In general, we appreciate the reduction in the number of different takes. However, this can become confusing when the same connector offers different functions depending on the computer. You won't damage anything by plugging a Thunderbolt 3 device into a USB-C port, but it won't necessarily work as it should: so check your computer's user manual to see which standard it uses. Thunderbolt costs manufacturers more; you will therefore find it mainly on recent Macs (with the exception of 12-inch MacBooks) and on high-end PCs like our favorite professional laptops. If your computer uses USB-C but is not compatible with Thunderbolt 3, this article will be useless: check out our guide to USB-C hubs and docks instead.

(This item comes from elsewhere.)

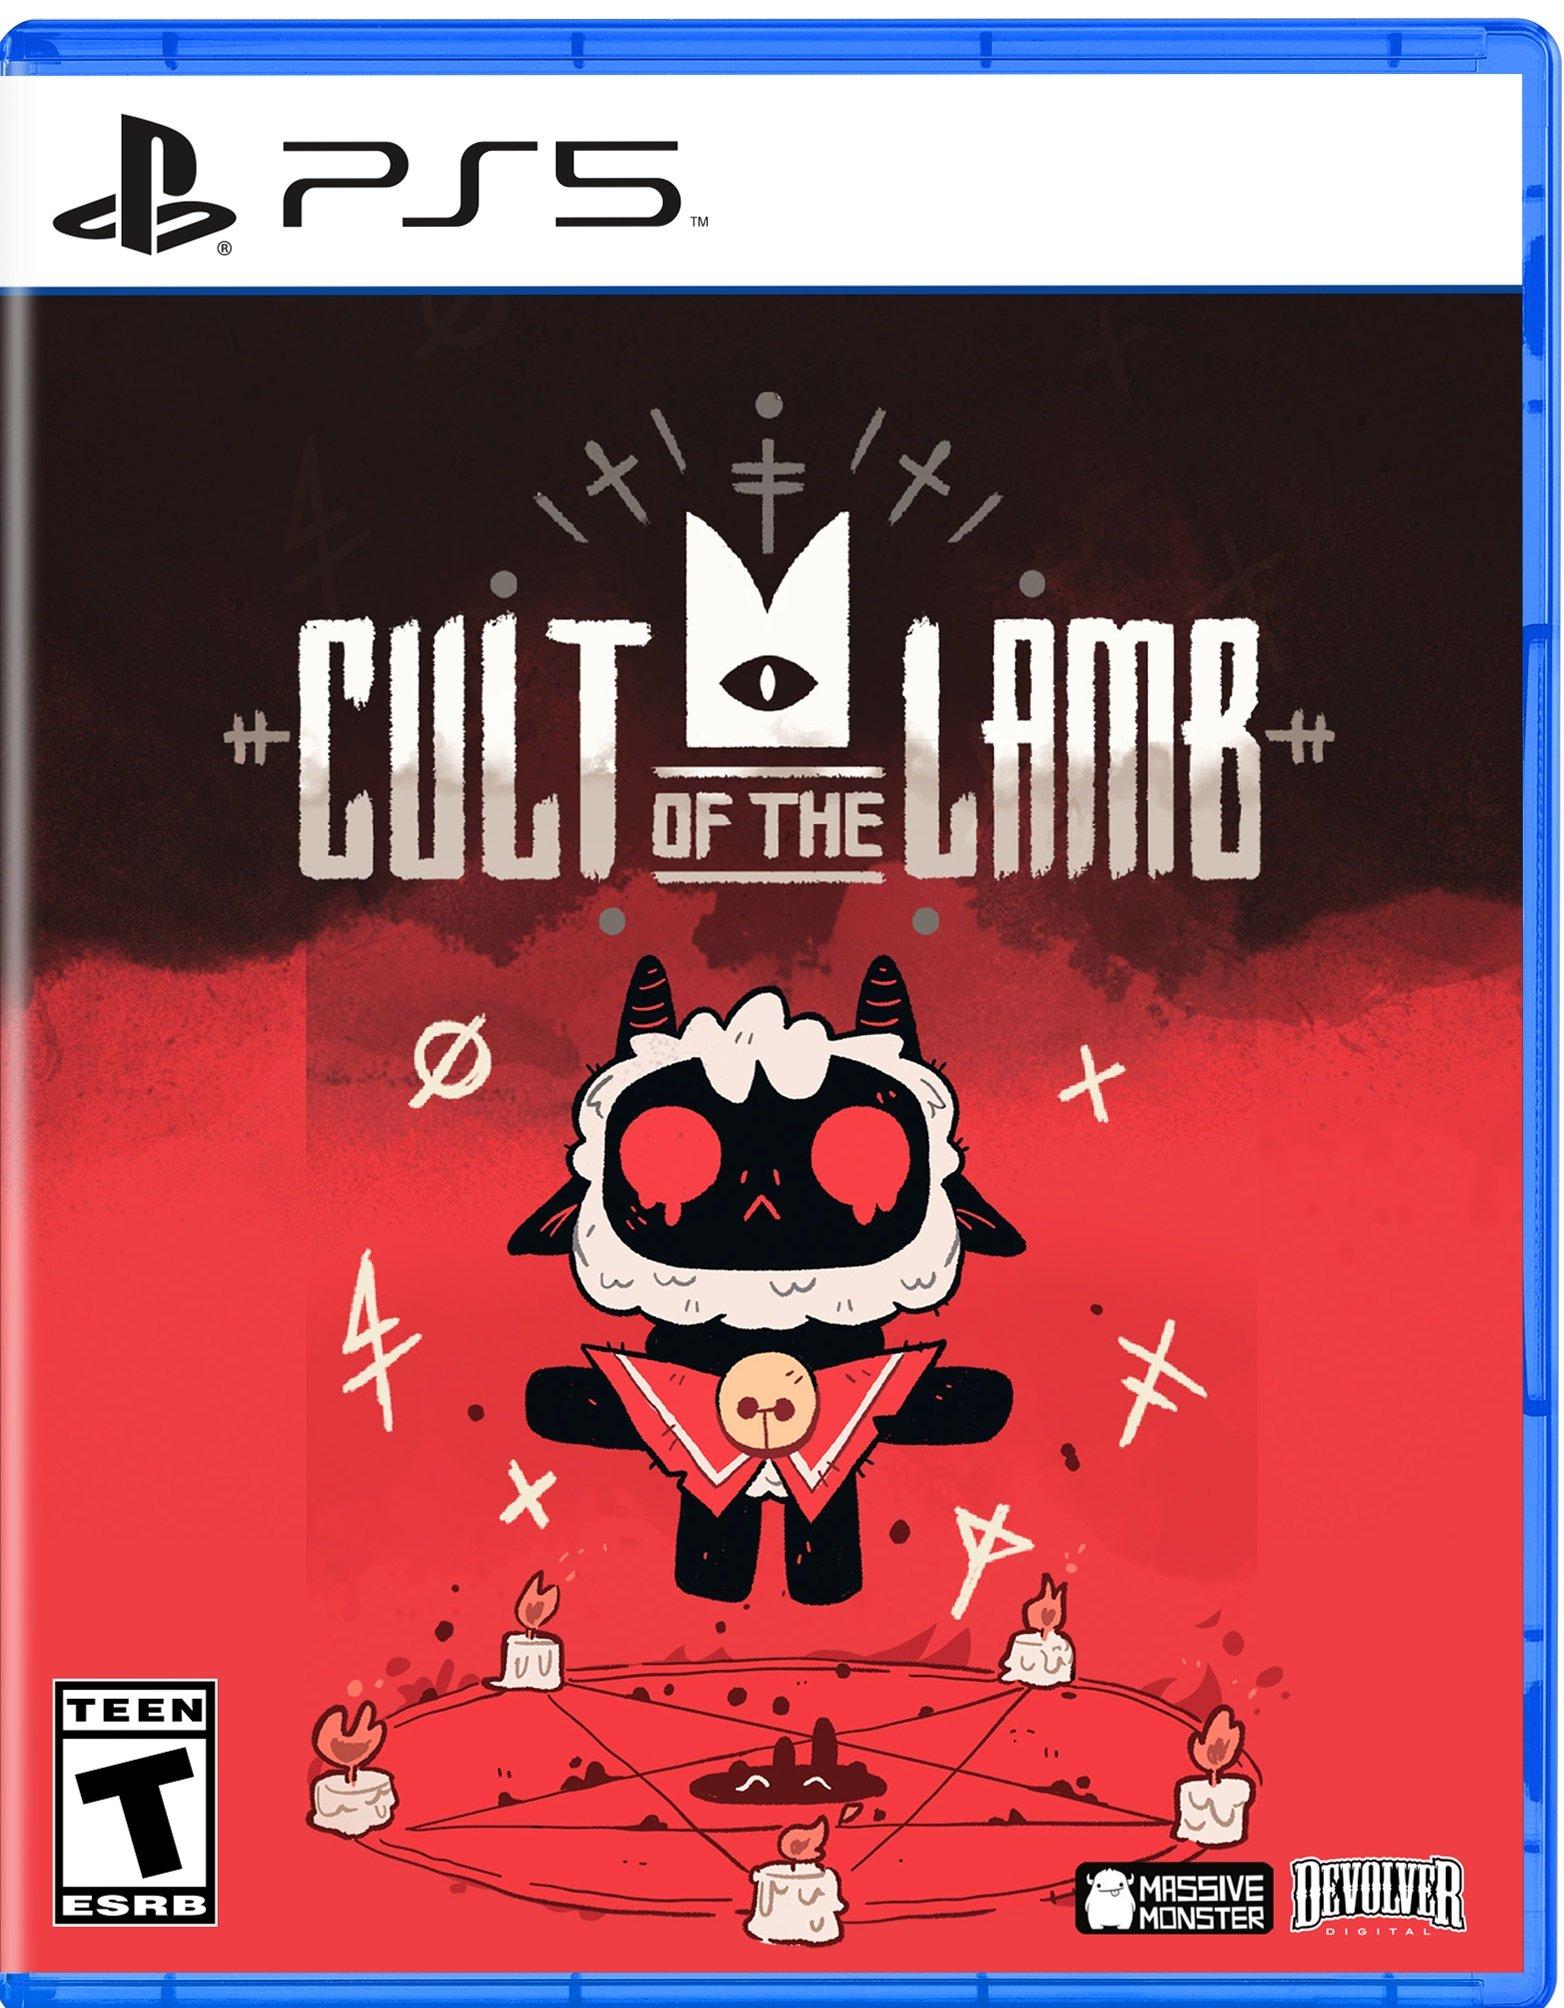 Cult of the Lamb - PlayStation 5, PlayStation 5

Our selection and testing method

Some of the Thunderbolt docks we tested, alongside their power supplies.
Some of the Thunderbolt docks we tested, alongside their power supplies. WIRECUTTER / MICHAEL HESSION

A good Thunderbolt dock expands the possibilities of the computer to which it is connected, providing additional connections at the maximum possible throughput. They are particularly useful for computers with few or few ports, like the current one 13-inch MacBook Pro, limited to two Thunderbolt ports; but they can also simplify the connection of peripherals to a computer, laptop or desktop. To evaluate the products, we checked the following characteristics:

  • Choice of ports: In general, the more sockets, the better, but we particularly appreciate the useful ports like USB-A and video outputs. Less common ones, like FireWire and eSATA, are nice, but not essential.
  • Port performance: equipment plugged into the Thunderbolt 3 dock should operate almost as if it were connected directly to the computer. We will see below our test procedure for each type of socket.
  • Design and dimensions: all other things being equal, a more compact dock is more practical than a large model. We also prefer those that can stand up to reduce the clutter of the desk.
Most docks are designed to sit horizontally with the majority of the ports facing back, but some models (like our favorite from CalDigit, here at the top) can stand up to save space.
Most docks are designed to sit horizontally with the majority of the ports facing back, but some models (like our favorite from CalDigit, here at the top) can stand up to save space. WIRECUTTER / MICHAEL MURTAUGH

Thunderbolt docks have always been a niche market; you will therefore find few different models. We have tested almost all of those released since June 2017. Each time, we used a 13-inch MacBook Pro from 2017 equipped with the Touch Bar to test the speeds. For the models tested in 2018, we also checked the compatibility with a Dell XPS 13 laptop. In particular, we performed the following tests:

  • USB-A: we used AJA System Test to measure flow rates using a Samsung T3 portable SSD. To measure the capacity of the docks to charge other equipment, we plugged in a 10.5-inch iPad Pro and read the power supplied using PortaPow's USB Power Monitor.
  • Thunderbolt 3: we used AJA System Test to measure throughputs using a LaCie Bolt 3. In order to measure loading speed, we read the system report results from a 13 inch MacBook Pro and compared them to the measurements a Satechi USB-C Power Meter.
  • USB-C: we used AJA System Test and the Samsung T3 SSD. To measure the power supply, we connected a Drok USB Load Tester then mounted the amperage of it as far as possible without overloading the dock: recording the voltage and the intensity allowed us to calculate the power (in watts).
  • HDMI: we connected each dock via HDMI to a 27-inch 4K monitor BenQ BL2711U, with the definition set to 4K; then we repeated this test using a Mini-DisplayPort to DisplayPort cable running from the Thunderbolt port of the dock to the monitor.
  • DisplayPort / Mini DisplayPort: we connected each dock in DisplayPort to a Dell 4K monitor (article in English) or to a LG 27MU88-W, the definition being set to 4K, and we used Blur Busters Motion Tests to check the refresh rate.
  • audio: we tested the sound inputs and outputs of each dock by plugging a headset into each jack, checking that the correct input or output was enabled in macOS, and recording the resulting audio levels.
  • FireWire: we plugged in an SSD version of the OWC Mercury Elite Pro Mini and we measured the flow rates using AJA System Test.
  • Ethernet: we checked the connection speed on a Mac, which displays the link speed.
  • SD card : we used AJA System Test on a SanDisk 64 GB Extreme Pro card.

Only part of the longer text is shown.